Although the REIMAGINE study is intended to be a definitive large-scale study of the microbial composition of the small intestine, there are limitations to the current work. One of the pitfalls of the study is that these subjects were undergoing upper endoscopy for the assessment of intestinal complaints, including dyspepsia, GERD, anemia, and others. It is possible that these conditions influence the results of the study. However, one argument against this is the concept of regression to the mean assuming adequate sample size. Another possible limitation is the consideration of biomass. Relative abundance is one consideration in microbiome analysis, but another is the absolute number of bacteria in a particular taxonomic group. For example, there may be a larger relative abundance of Proteobacteria in the small intestine compared to stool, but the absolute number of Proteobacteria/mL may be greater in stool. However, this does not take into account the biomass in relation to the very large surface area of the small intestine. As such, this impact and the true biomass are difficult to calculate.
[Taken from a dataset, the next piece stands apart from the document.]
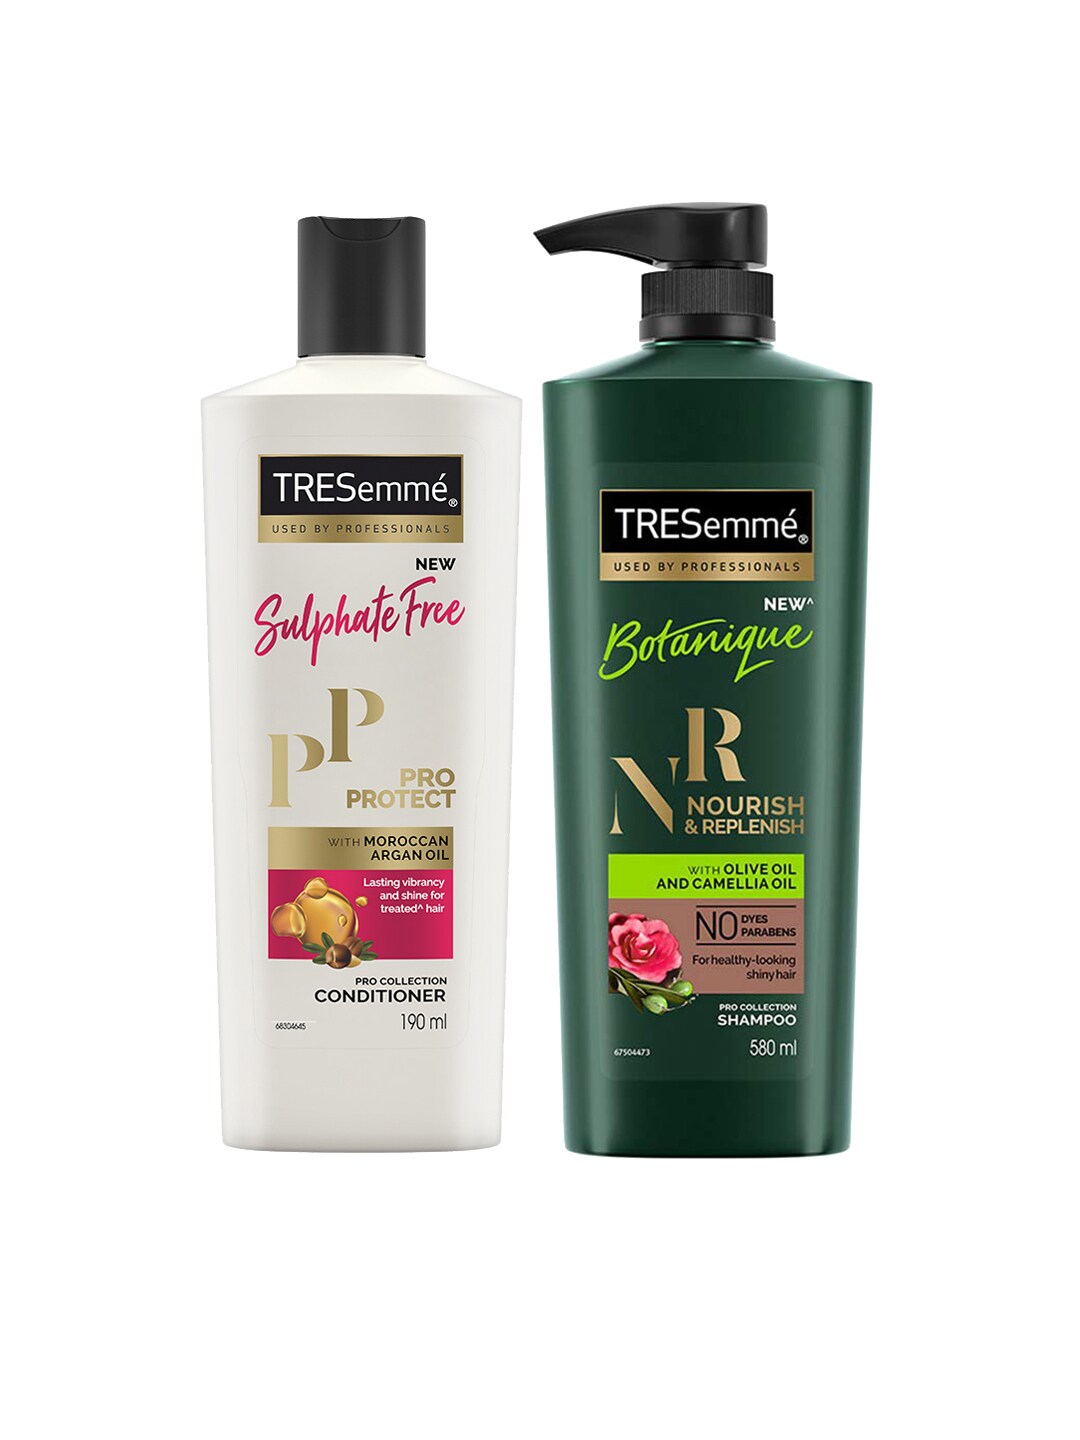 TRESemme Set of Nourish & Replenish Shampoo & Pro Protect Sulphate Free Conditioner Price in India
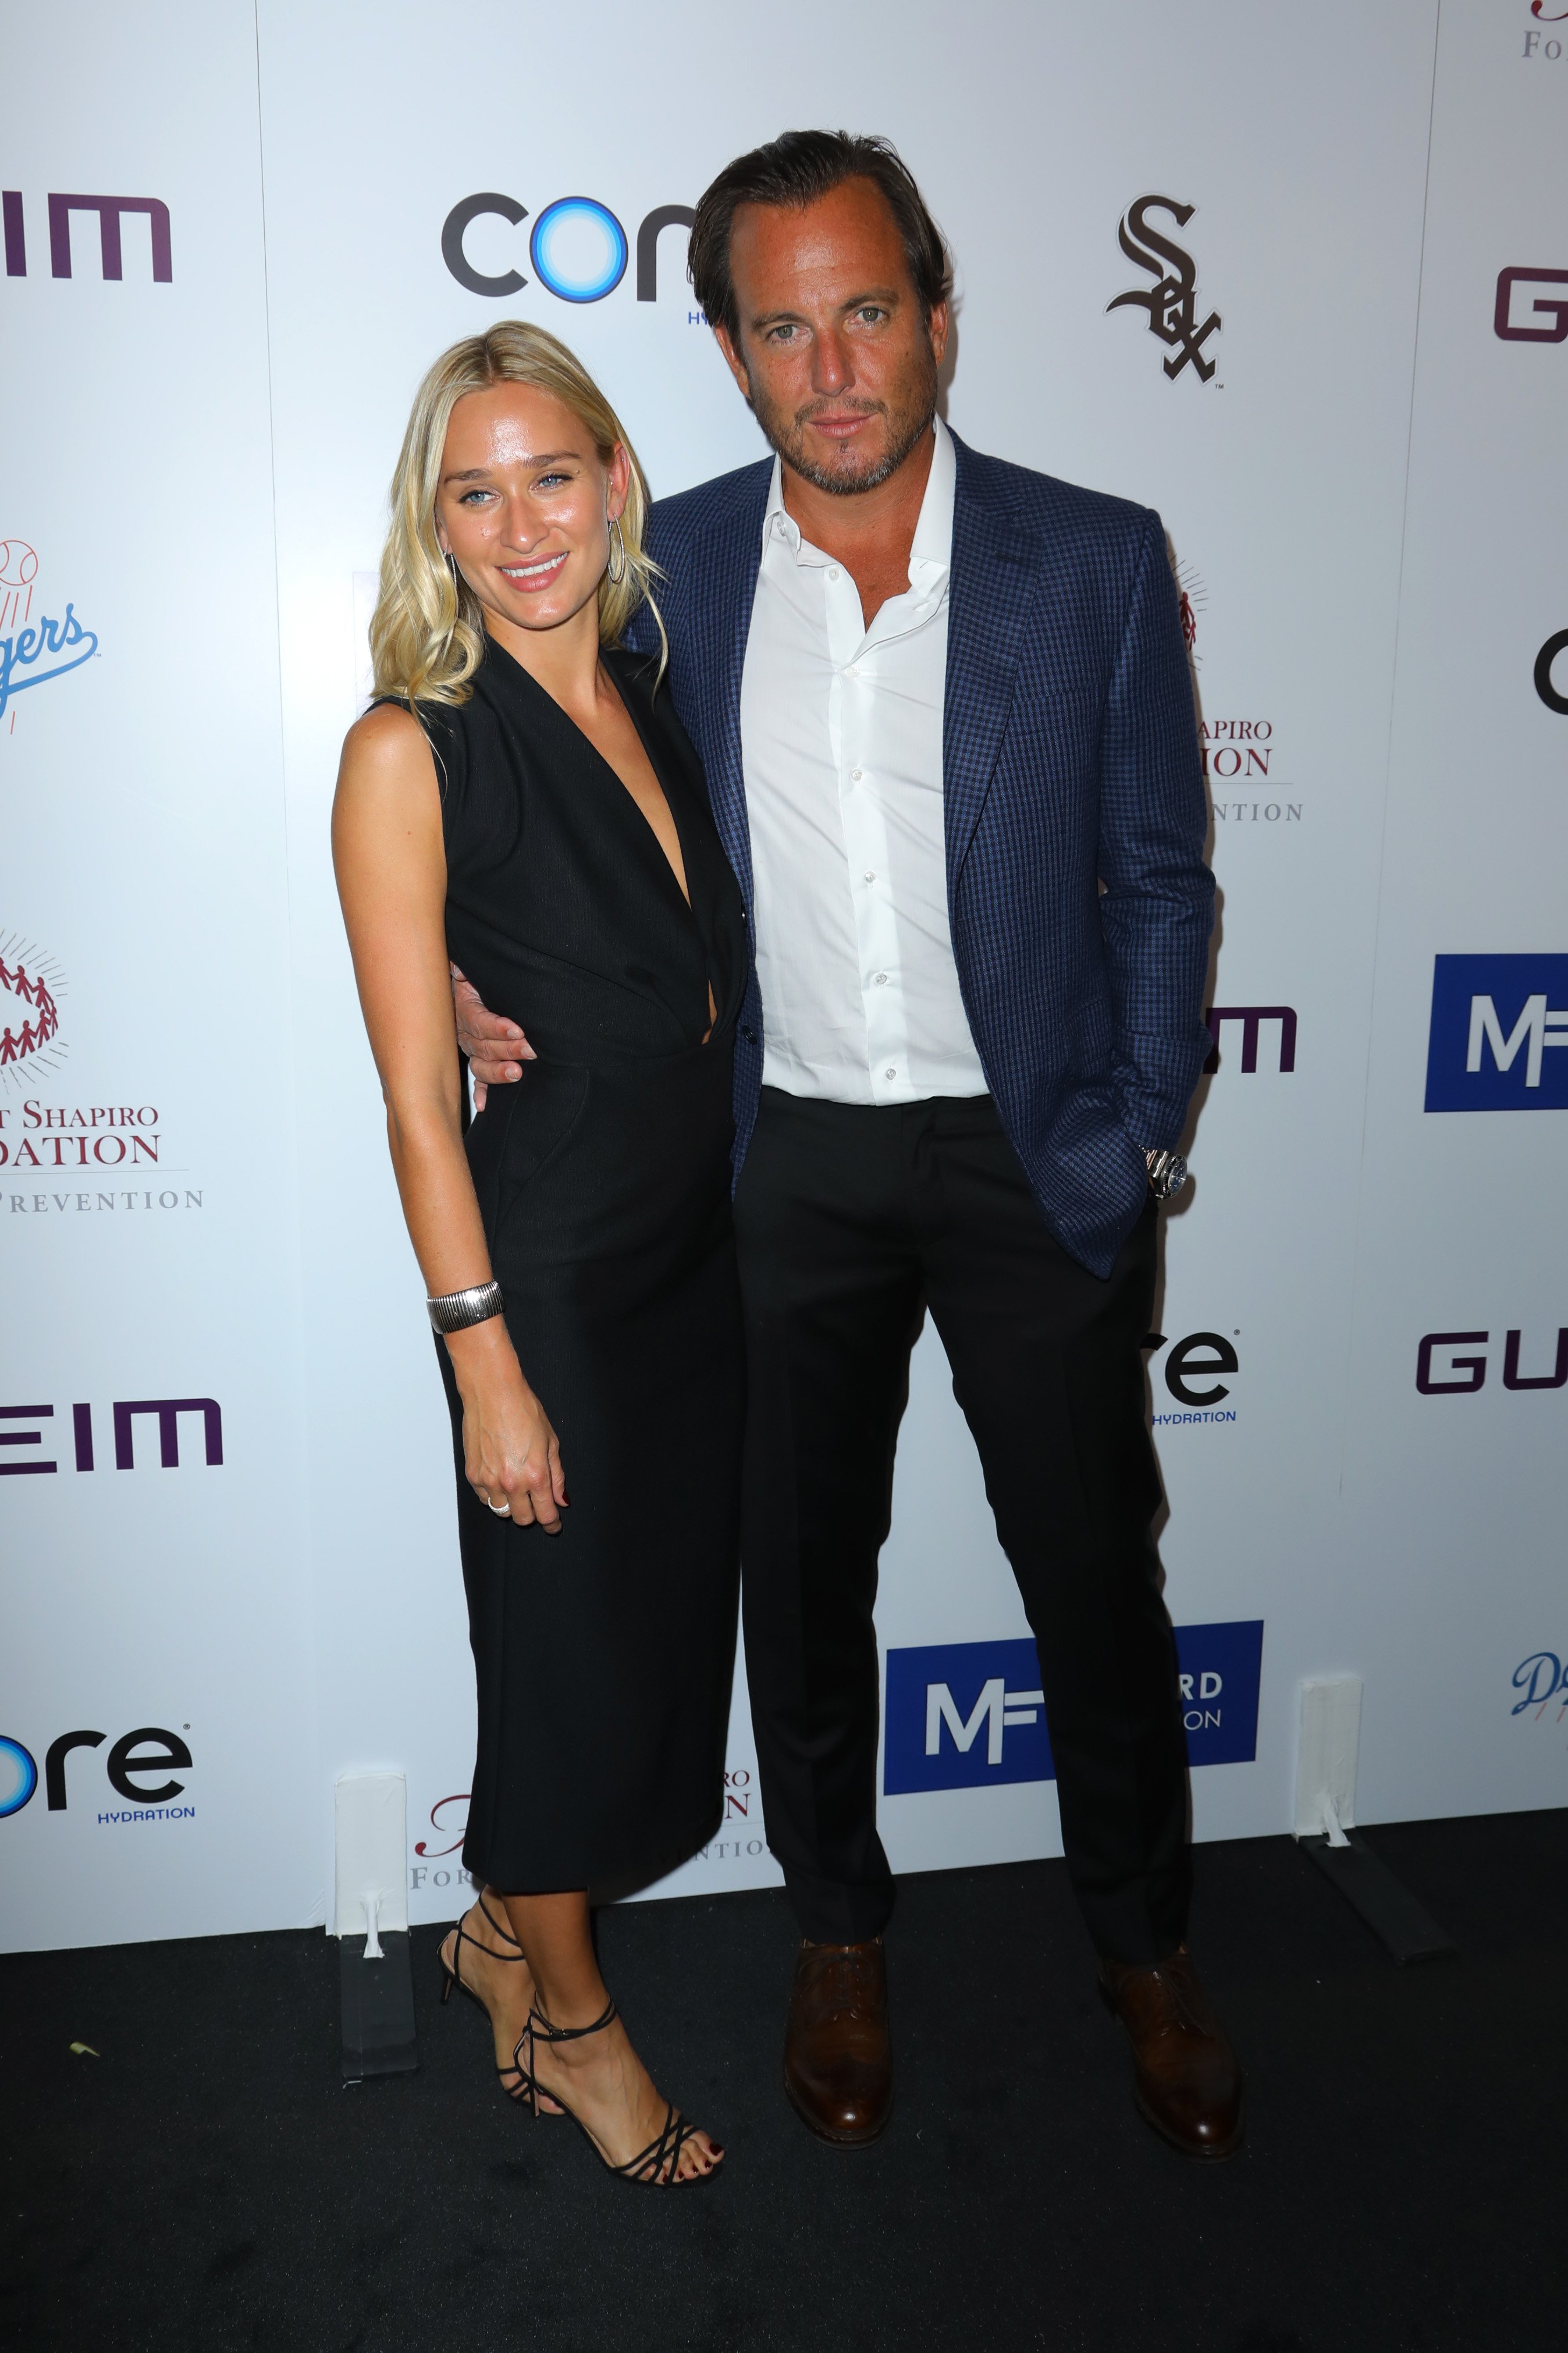 Alessandra Brawn and Will Arnett at The Brent Shapiro Foundation for Drug Prevention Summer Spectacular Gala on September 21, 2019, in California. | Source: Getty Images

In conclusion, small bowel microbiome is unique in many ways. Considering the surface area and length of the small bowel and its importance to human nutrition and immune function, analysis of the small bowel microbiome may have a greater impact on our understanding of human disease than analysis of stool. As this study demonstrates, the human small intestinal microbiome is dominated by the phyla Firmicutes and Proteobacteria. Deeper analysis reveals that within the major phyla, the distributions of particular taxa vary in different parts of the small bowel. Understanding these compositional changes in the microbiome in all parts of the gut, including the small intestine, will be important to finding future links to human health and disease.